Round Rock - Michelle Huneven [36]
“Red had you write that?”
“It wasn’t any big deal.”
“Red hasn’t sponsored anyone new in years.”
“This wasn’t sponsoring. He was just trying to show me some things.”
“Ahh.” Furious jotting. “All right, then.” Stan reached into a side drawer, brought out a packet, handed it to Lewis. “Keep in touch,” he said. “Let us know where you are and how you’re doing.”
Lewis hoped that the packet contained money, but found only an AA meeting directory, brochures for several halfway houses, and a list of community health clinics where psychological counseling was offered at little or no cost.
LEWIS did feel guilty, as if he were letting Red down by not taking the job. He decided, as retribution, to give the office a good going-over. File some stuff and toss the junk. Lose those brown roses on the mantel.
He hauled a vintage Hoover out of the storeroom and was merrily bashing into baseboards when Billie Fitzgerald walked through the door. She was dressed, as before, in mud-splattered coveralls, barn coat, rubber boots. Off went the vacuum, in a dramatic de-crescendo.
“I knocked but you didn’t hear,” said Billie. “I’m meeting Red.” She plunked down in an overstuffed green chair. She sat like a man, knees splayed open, coat bunched around her shoulders. Her hair was twisted into a loose knot. “Hey”—she pointed a gloved finger at Lewis—“you’re guy in the truck, right?
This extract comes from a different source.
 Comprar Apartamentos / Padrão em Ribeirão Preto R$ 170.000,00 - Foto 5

Who wouldn’t say jack?”
Lewis shot her a surly look.
She laughed. “Red said you’re a scholar. You know, I always think about going back to college. Just to catch up on all those books that supposedly shape our lives but nobody ever reads.”
“Yeah? Like what?”
Pulling off one glove with her teeth, Billie let it drop from her mouth into her lap. “Well, there’s the Bible. You ever read it?”
“Parts,” said Lewis.
“Well, this whole wrecked civilization is based on a book most people have only read parts of.” Her eyebrows were glossy, superbly arched, like flexible brown feathers.
“The Bible’s a good one,” said Lewis. “What else?”
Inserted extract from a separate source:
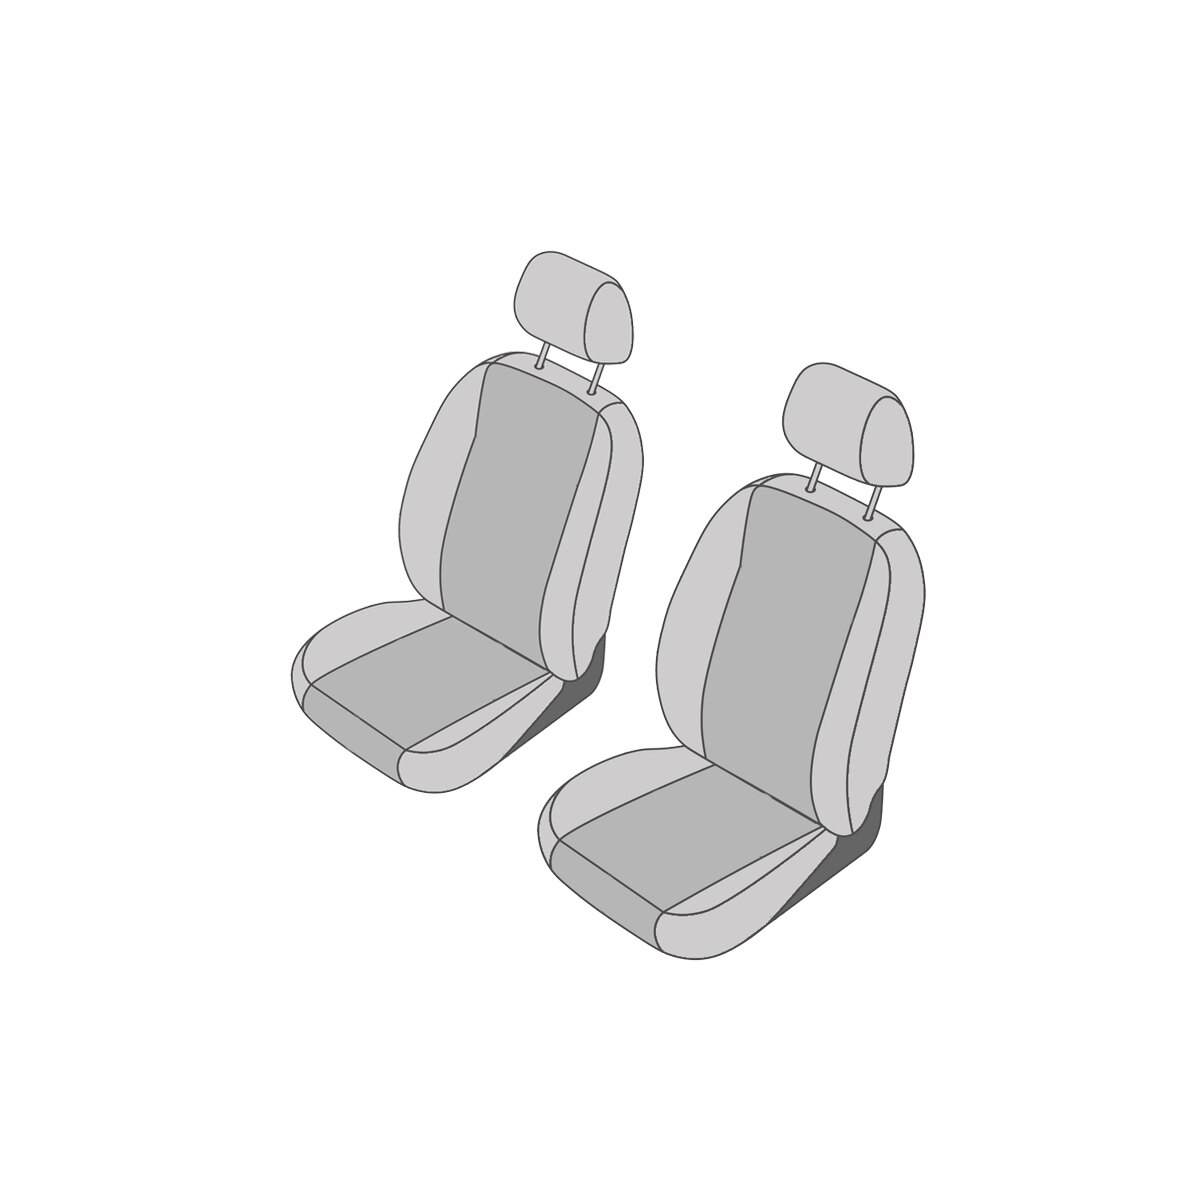 Universal Sitzbezüge Auto für Suzuki Grand Vitara I, II (1997-2014) -  Vordersitze Autositzbezüge Schonbezüge - 2XL-RD rot

Billie unbuttoned her jacket. Beneath the jacket, her coveralls were open far enough to reveal a few inches of a brown plaid shirt. Layer upon layer: Lewis gleaned no sense of her breasts, waist, thighs.
“Red says I’m a total and complete Machiavellian, but I can’t even remember what he wrote.”
“The Prince. And you don’t need to read it to be Machiavellian.”
“Evidently not.” She began worrying her other glove off with her teeth, finger by finger, which somehow seemed either profoundly lazy or obscene. When the glove came free, Billie leaned forward and dropped it into her lap, a mother cat depositing a kitten. “How ’bout Freud? He gave us the unconscious, right? And the Oedipal complex? And polymorphous perversion?”
Was she flirting? Or was he crazy?
“Can you name a single one of Freud’s books?” she asked.
“Totem and Taboo,” he said. “The Future of an Illusion. The Ego and the Id.”
“So you are a scholar.”
“I didn’t say I’ve read them.”
Billie grinned and whacked her gloves into her palm. She looked like a little girl who set fires just to watch adults panic.
“Okay,” said Lewis. “What else haven’t we read?”
“I never read a word of Emerson, but I heard he’d greet his friends by saying something like ‘What has come clearer to you since we last met?’ That’s been my number-one conversational ploy for years now.”
“I like it,” said Lewis. “Makes you realize conversation was so much more an art in the nineteenth century.”
An eyebrow flexed. “Well, then, what has come clearer to you since we last met?”
Lewis thought of several answers, each more personal—and therefore unutterable—than the last. “Oh, my brain,” he said vaguely. “And what has come clearer to you?”
“That you talk, for one.” She laughed, then grew pensive. “I guess it’s that my son gets more beautiful every day.”
The son. Lewis had forgotten about the son. Some other man’s kid. Lewis had had his problems with other men’s kids. “Uh, how old is he?” He forced interest into his voice.